From: Martin Packer <packer@duq.edu>
Subject: Re: [xmca] Vygotsky and Saussure
To: "eXtended Mind, Culture, Activity" <xmca@weber.ucsd.edu>
Date: Saturday, August 1, 2009, 8:19 AM


I'm going to use the silence as an opportunity to reflect on my own 
message - Reading what I wrote about Marx's method again in the context of 
the discussion here it occurs to me that Marx, like Vygotsky, was writing 
about the changing character of word-meaning. I'd not thought about 
Capital in quite that way before. On the other hand, LSV doesn't, to my 
knowledge, draw a distinction between children's analytic concepts and 
their dialectical concepts. Has anyone out there worked on this? (Paula?)

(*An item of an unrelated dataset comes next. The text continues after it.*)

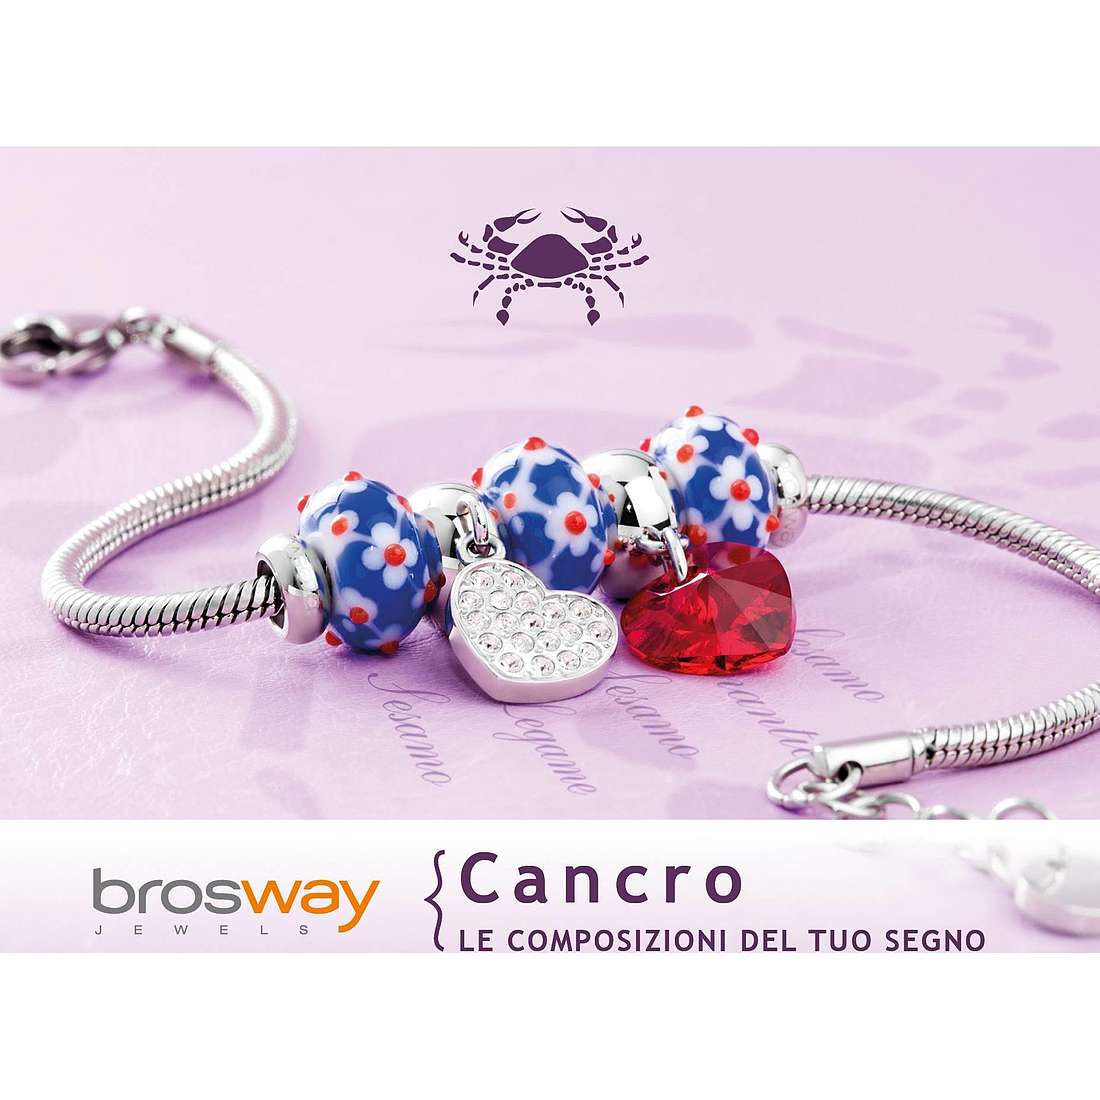 bracelet woman zodiac sign Cancer Brosway jewel Tres Jolie Mini BTJMZ04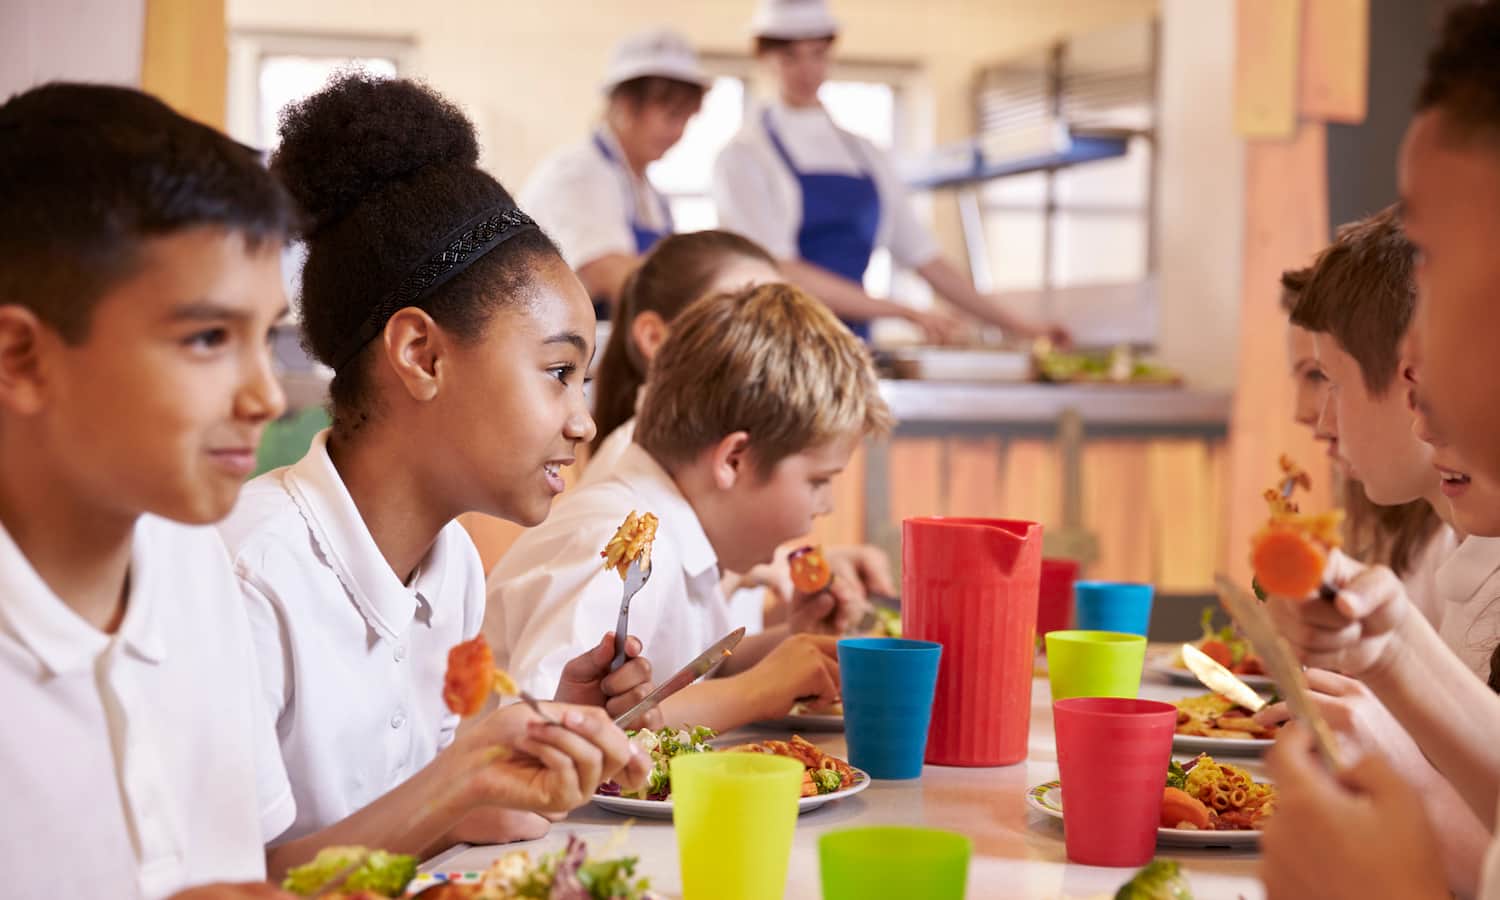 面对全国关闭COVID-19,学校当局和伙伴加强饲料取决于学校的3000万名儿童食品服务每一天。

I'm currently reading the literature on young children's categories 
(folkbiology, folkpsychology), and much of this research seems to assume 
exactly the equivalence of adult and child word-meaning that LSV called 
into question, so the topic is important. For example, the researcher 
names for the child a picture of an animal, and then asks a question (Does 
X have a heart?) to which the child can reply only yes or no. The 
characteristics of the child's 'categories' are inferred on the basis of 
an assumed equivalence of word-meaning.